Cache and Efficiency

Last Update:2018-12-05 Source: Internet

Author: User

Developer on Alibaba Coud: Build your first app with APIs, SDKs, and tutorials on the Alibaba Cloud. Read more ＞

Today, the use of multiple CPU cores has become a challenge for every programmer. For a slightly experienced programmer, OMP is undoubtedly the fastest shortcut and has a very high effect, which can basically increase the efficiency by 1.8 times (dual-core CPU ).

The endurance child has read the OMP Introduction Article and put it into practice in 3D applications. The results are remarkable. It is handy for using bone computing, skin computing, vertex coordinates, texture coordinates, and normal interpolation, on the Rise, after the key part of computing was rewritten using the SSE command, the overall efficiency was improved by about 4 times.

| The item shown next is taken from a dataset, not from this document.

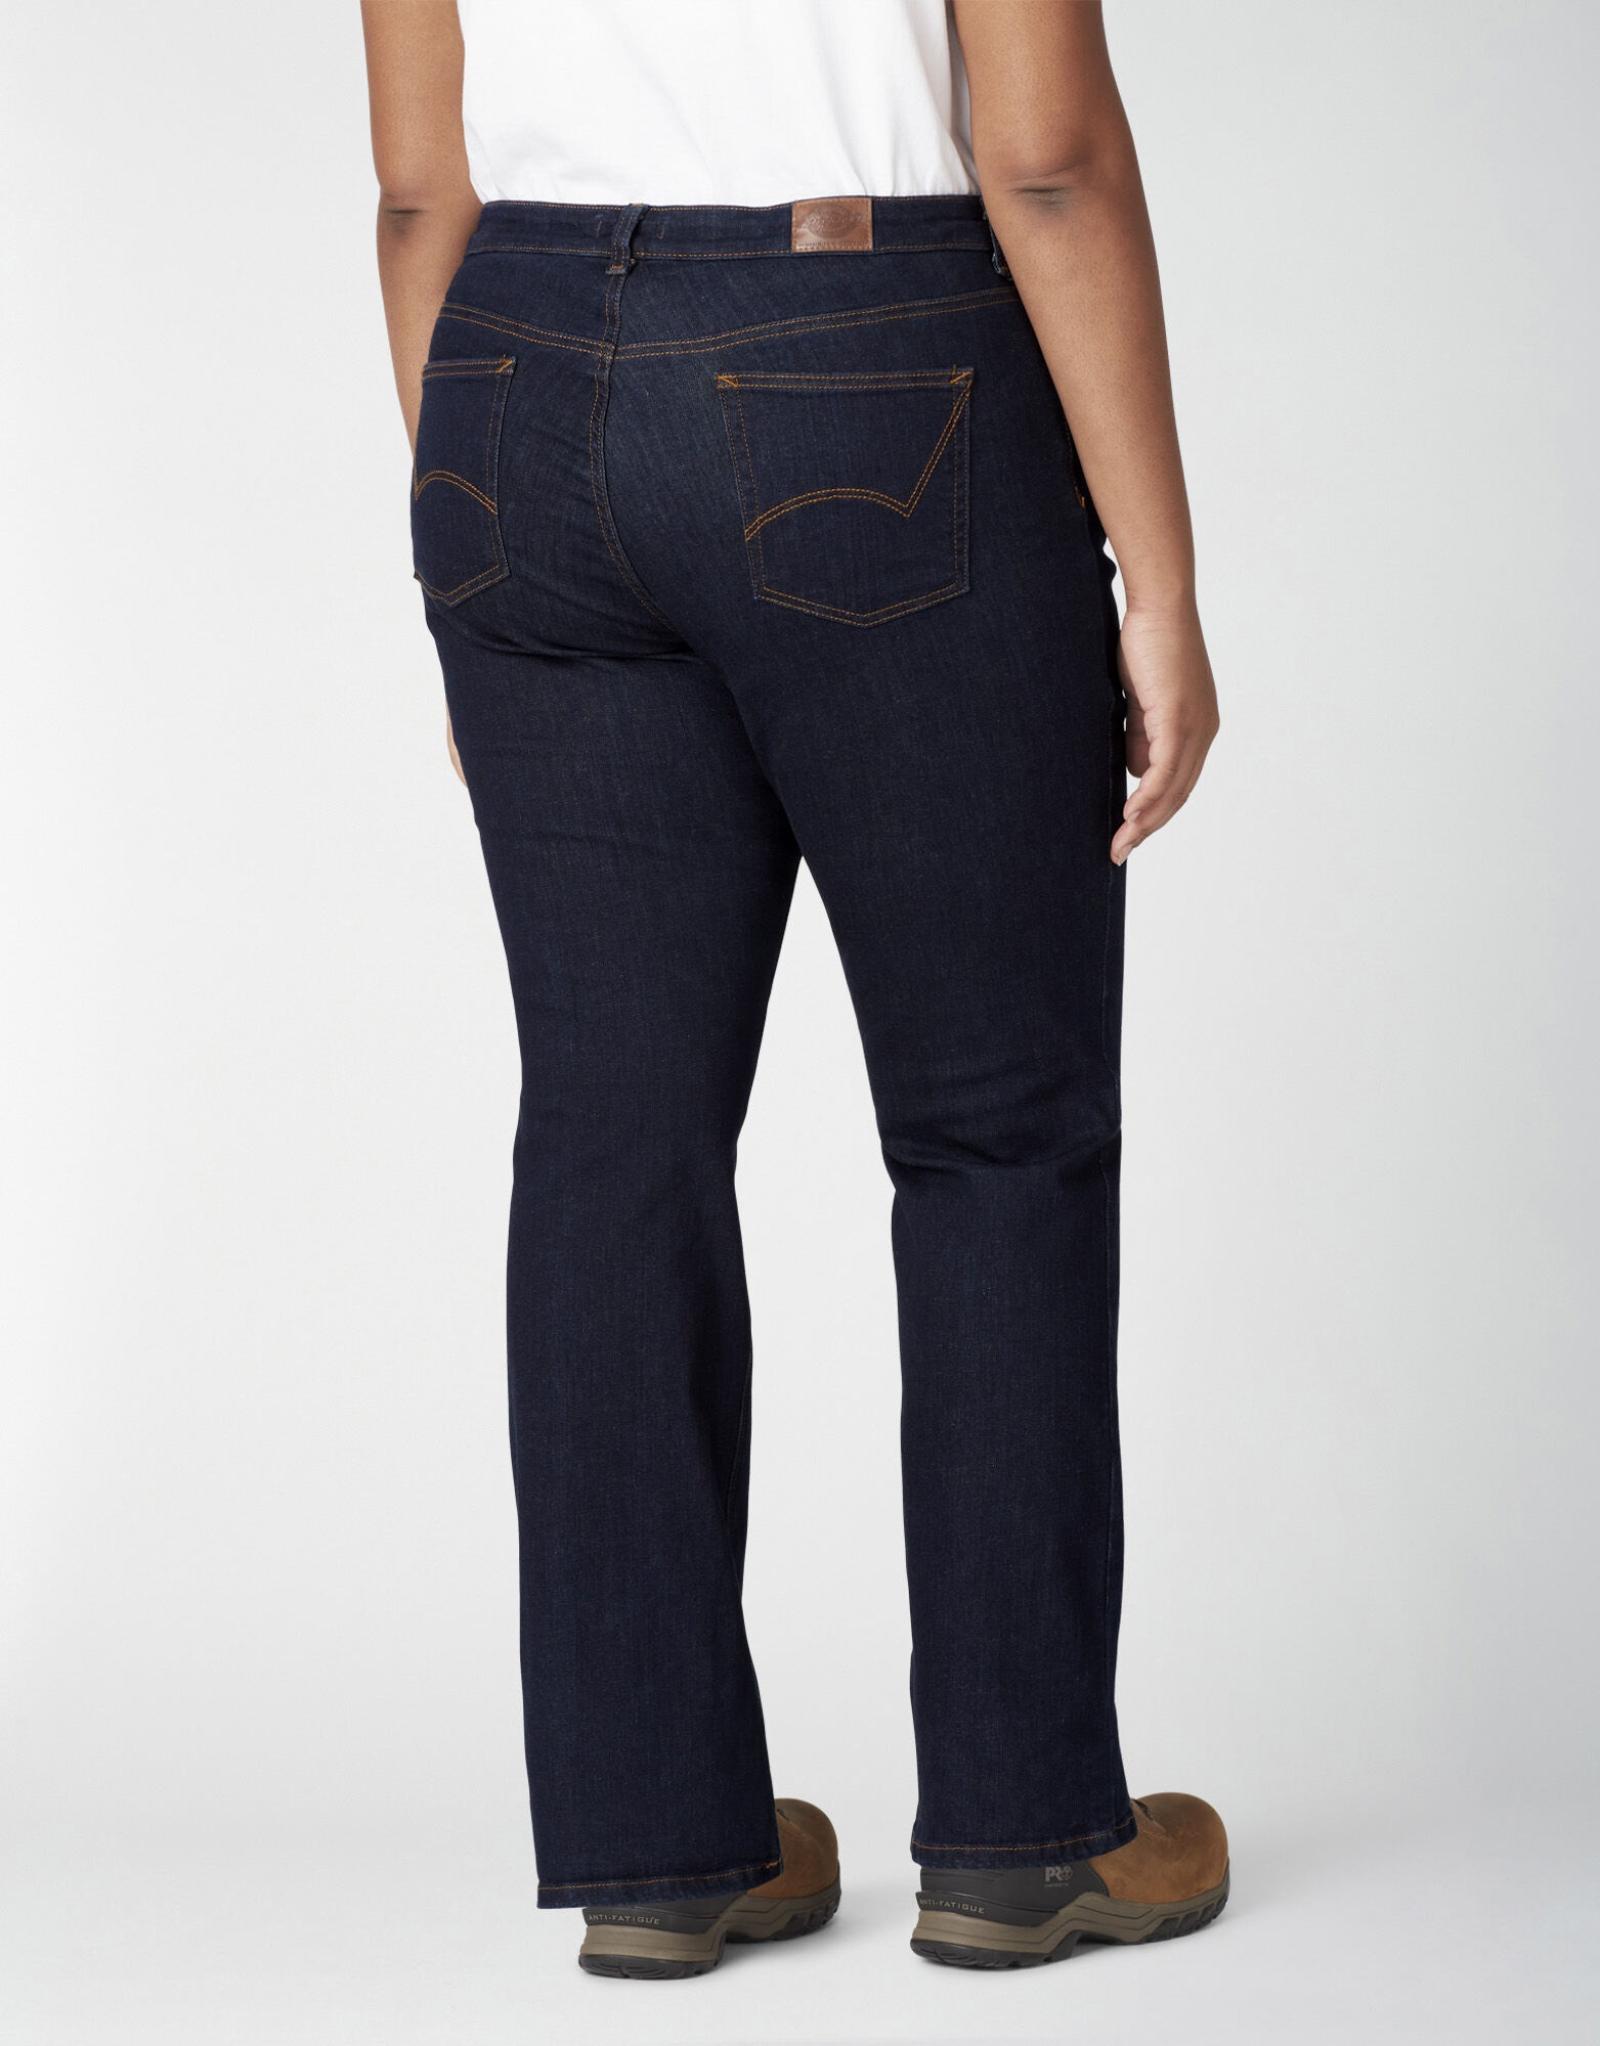 Dickies Women's Plus Size Perfect Shape Bootcut Stretch Denim Jeans
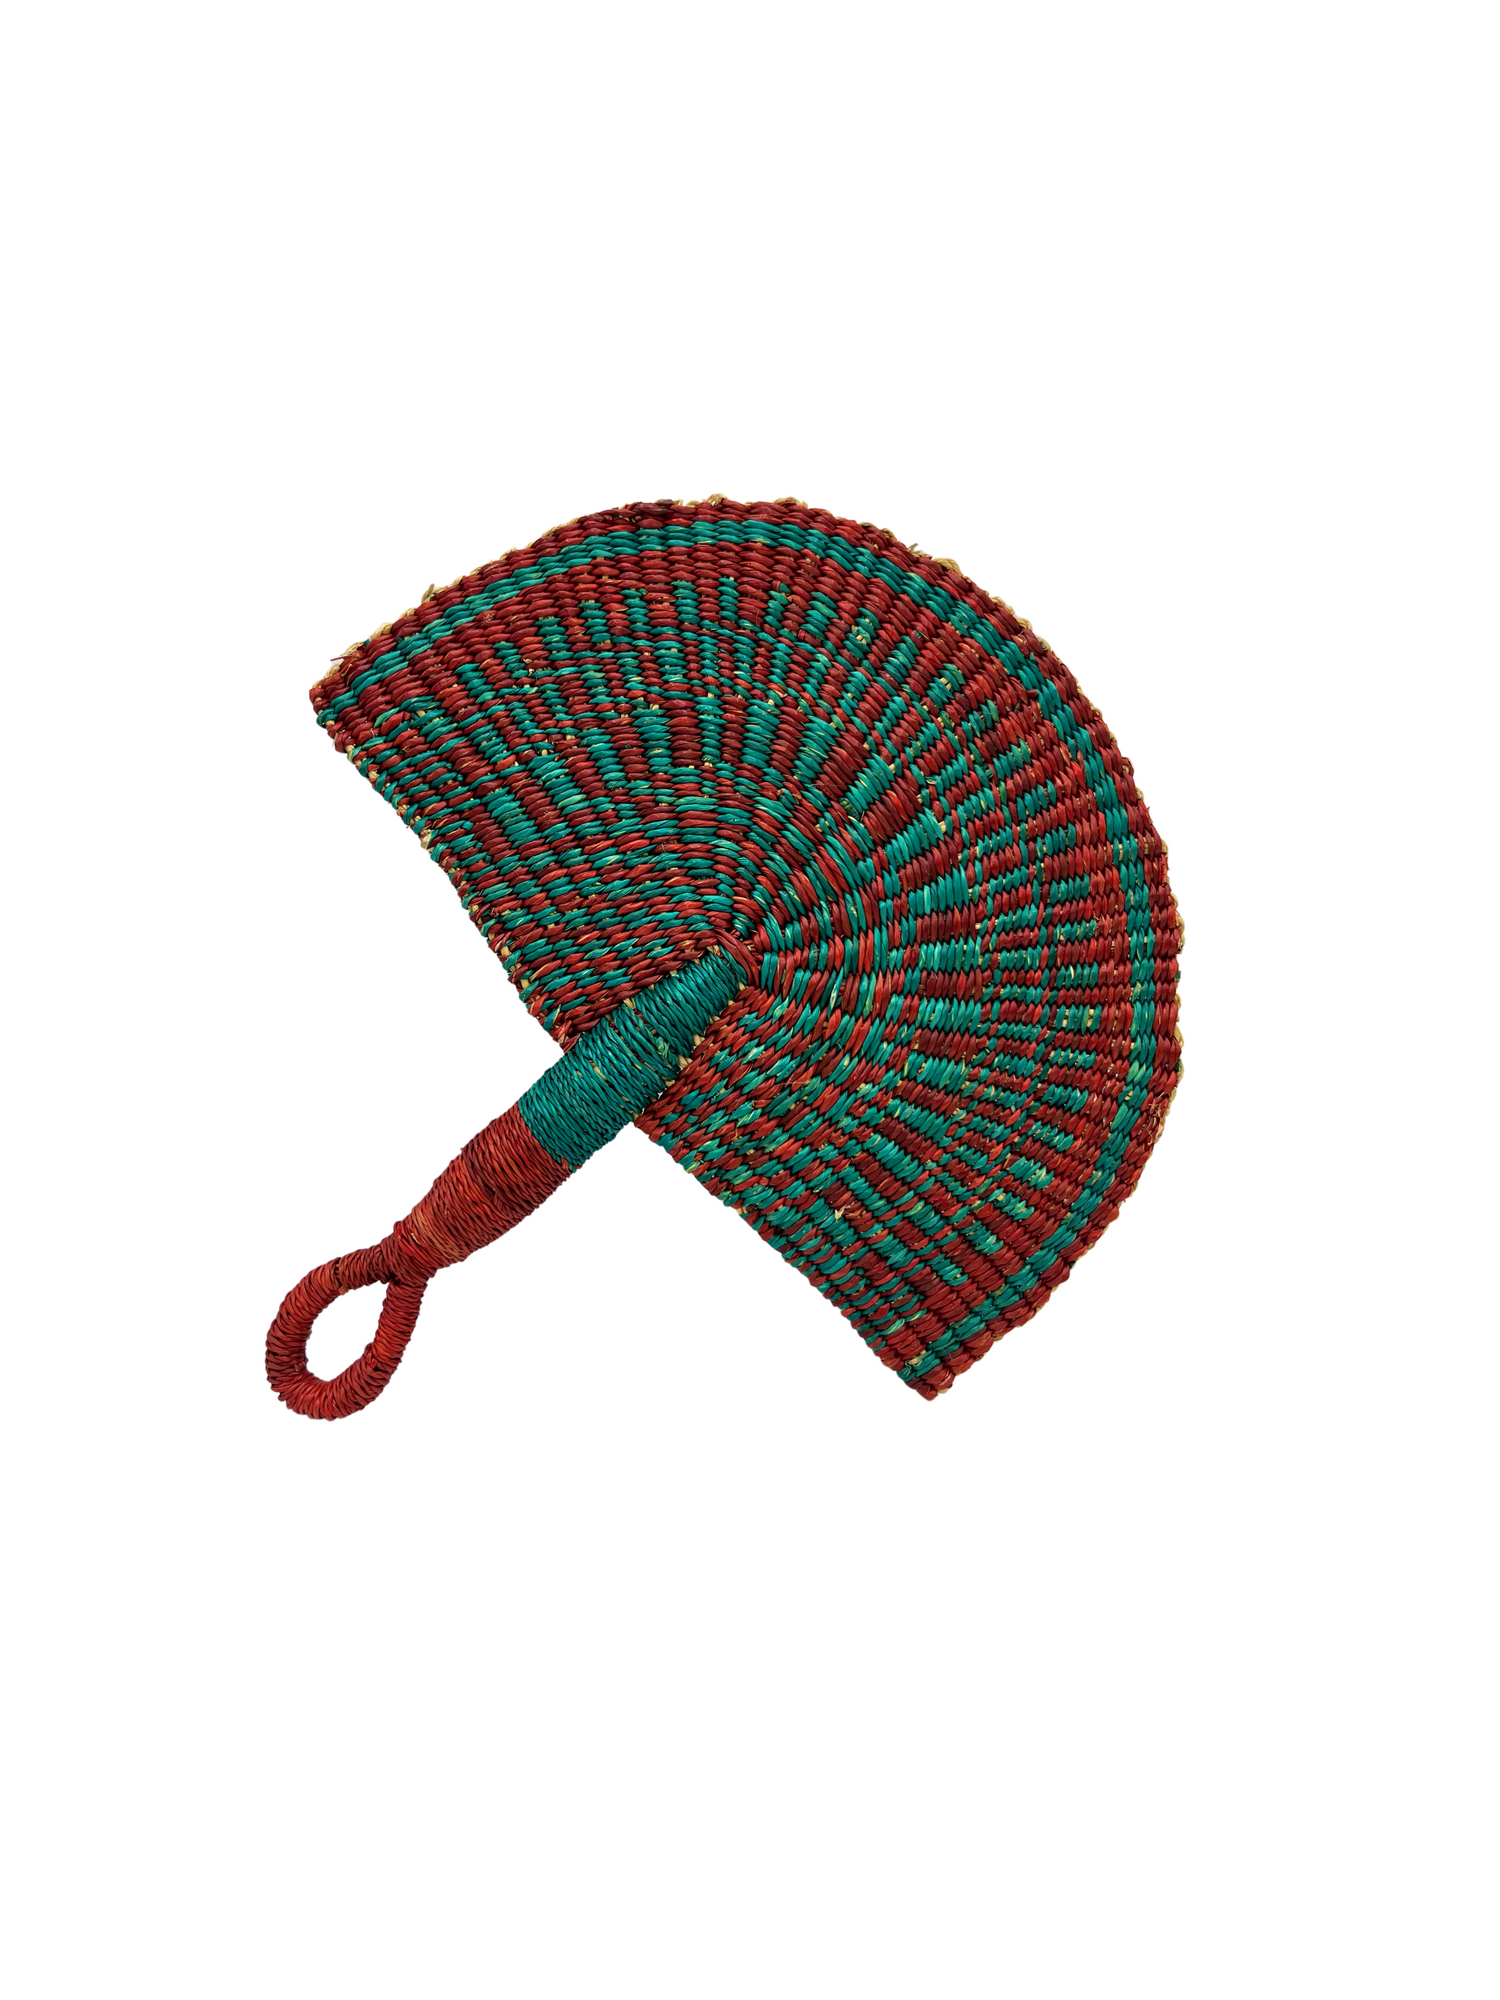 Colorful Hand Fan

Some problems are found in this process:

1. Use the SSE command to write a function for processing one data and a function for processing multiple data. From the perspective of a single thread, it is obvious that reducing the overhead of function calls can improve the efficiency. Therefore, the following statement is used to process a piece of data:

// Num_threads: Number of OMP threads started
Int num_threads = omp_get_max_threads ();
// SPT: Data allocated to each thread
Int SPT = ucount/num_threads;
If (SPT> 0)
{
// Each thread processes a continuous data segment
# Pragma OMP parallel
For (INT I = 0; I <num_threads; ++ I)
{
Int nstart = I * SPT;
Sse_processdatas (buff + nstart, SPT );
}
}
For (INT I = num_threads * SPT; I <ucount; ++ I)
Sse_processdata (buff [I]);

The test results almost didn't show my chin dislocation, and the results showed that the running result of this writing method is not as fast as that of a single thread. The single-threaded code is as follows:

For (INT I = 0; I <ucount; I + = 4)
{
Sse_processdata (buff [I]);
}

However, simply adding the OMP command in front of a Single-thread Code improves the efficiency by about 0.9 times (AMD 3800 +, dual-core CPU:

# Pragma OMP parallel
For (INT I = 0; I <ucount; I + = 4)
{
Sse_processdata (buff [I]);
}

Incredible.

I am not a special root-user. Everything starts with practice. At the same time, I keep in mind the next rule: The OMP optimization rules are good, and some seemingly clever tips are not good. I am always honest and practical with OMP. Under the guidance of this idea, other optimizations will be smooth and exciting. I started to explain to my wife how to link OMP and MPI with shoes. When I drank several packets of coffee during the day, I began to suffer from insomnia in the middle of the night.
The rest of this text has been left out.